• [PROVIDED MATERIAL]:
........
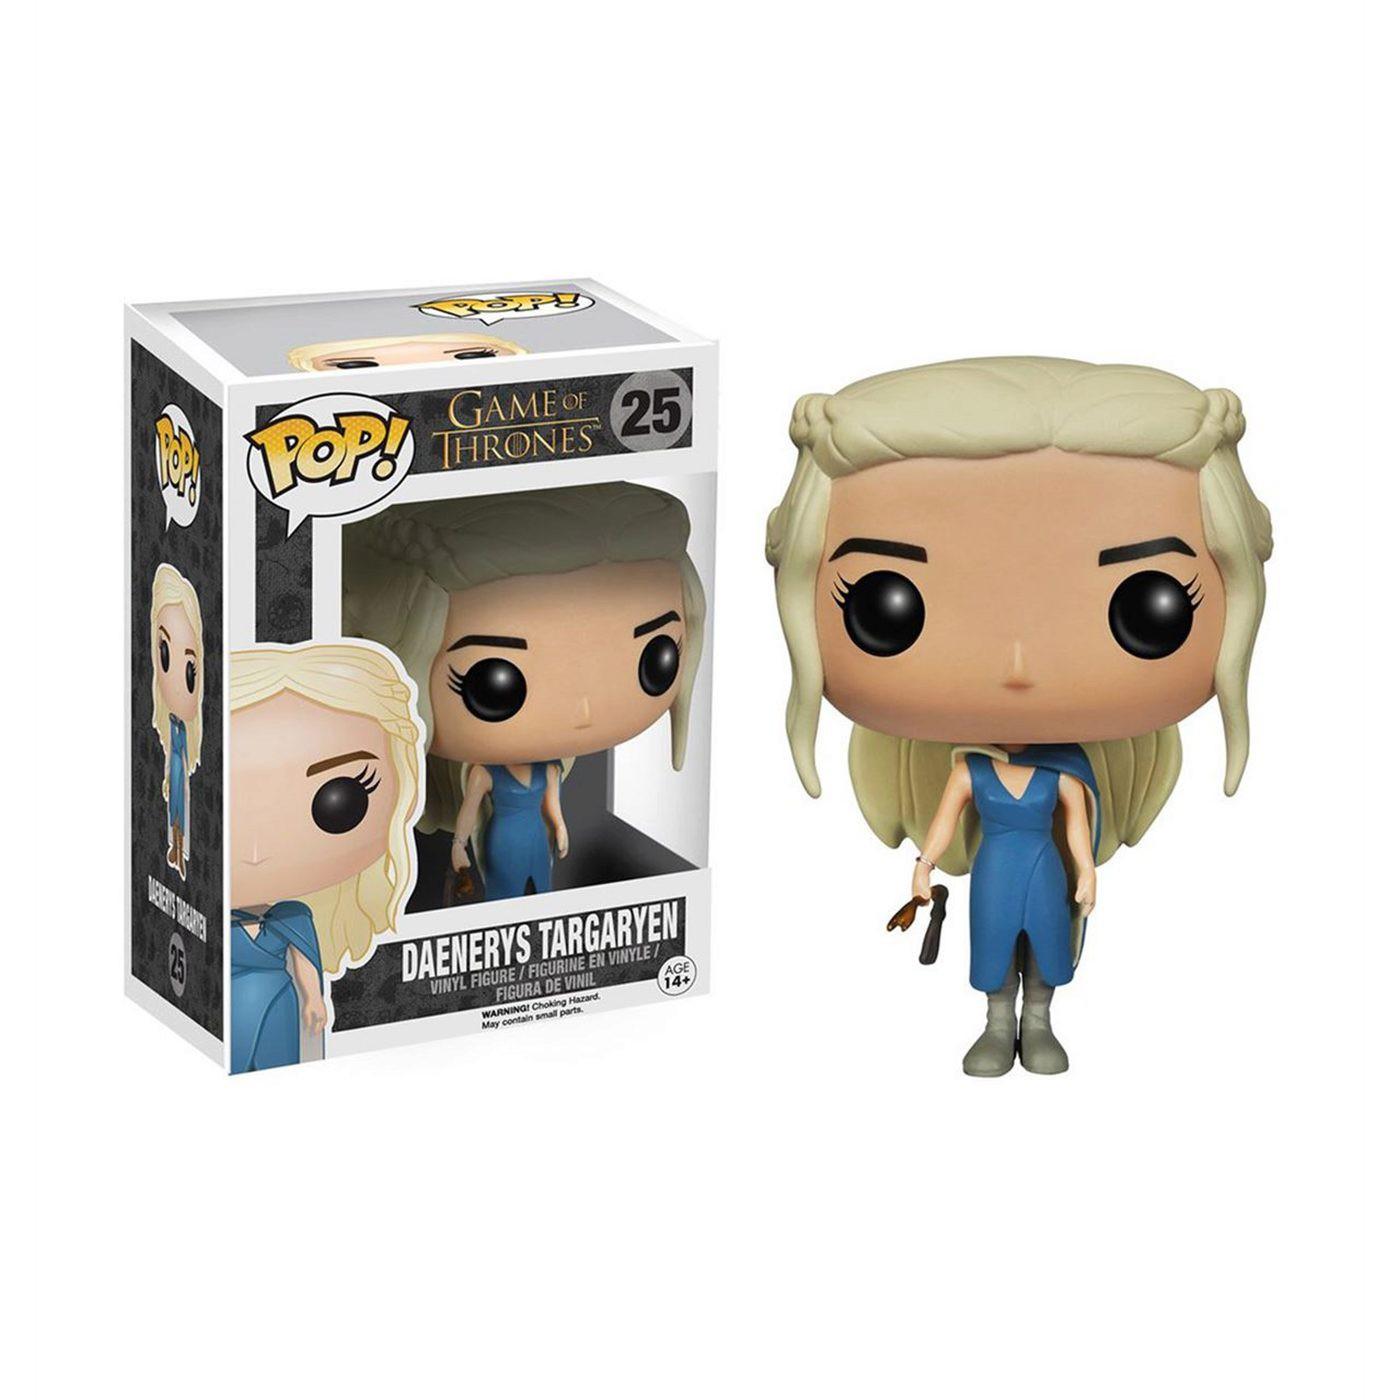 GOT Daenerys Targaryen Mother of Dragons Pop Vinyl
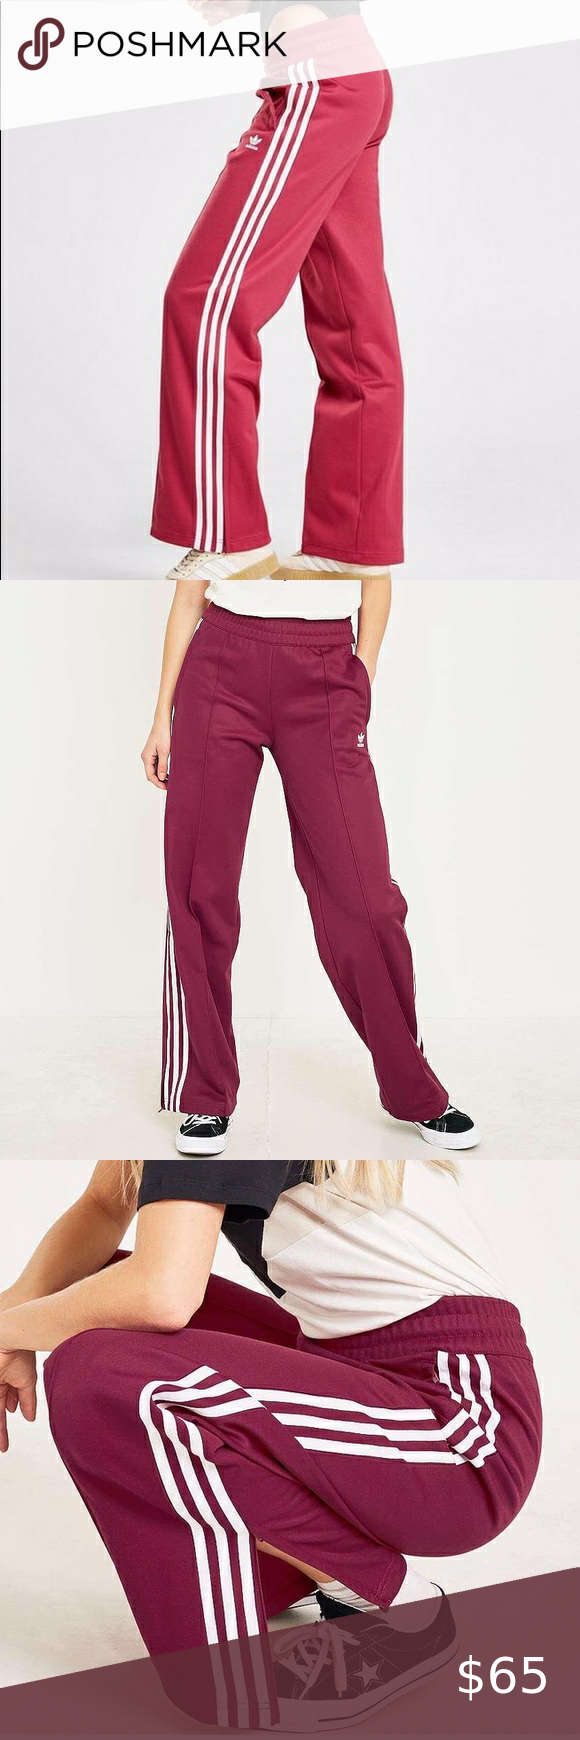 Adidas Ruby colored NWT contemporary
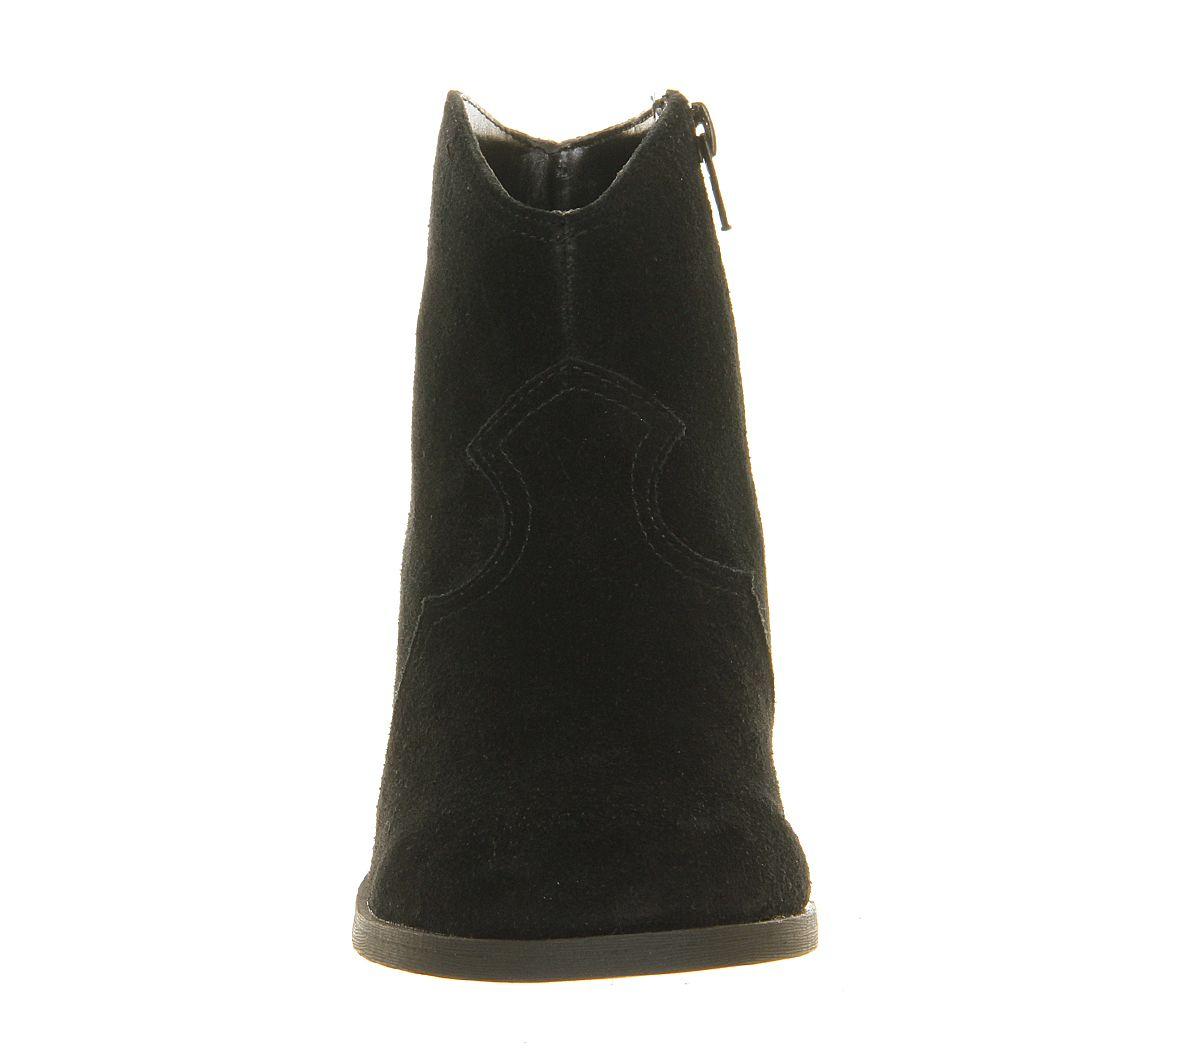 Office Courtney Suede Western Boot in Black Suede (Black)
........
• [PROBLEM TO WORK ON]: Restate the material above word for word, dropping the pictures.

• [RESULT FOR THIS TASK]:
 GOT Daenerys Targaryen Mother of Dragons Pop Vinyl
 Adidas Ruby colored NWT contemporary
 Office Courtney Suede Western Boot in Black Suede (Black)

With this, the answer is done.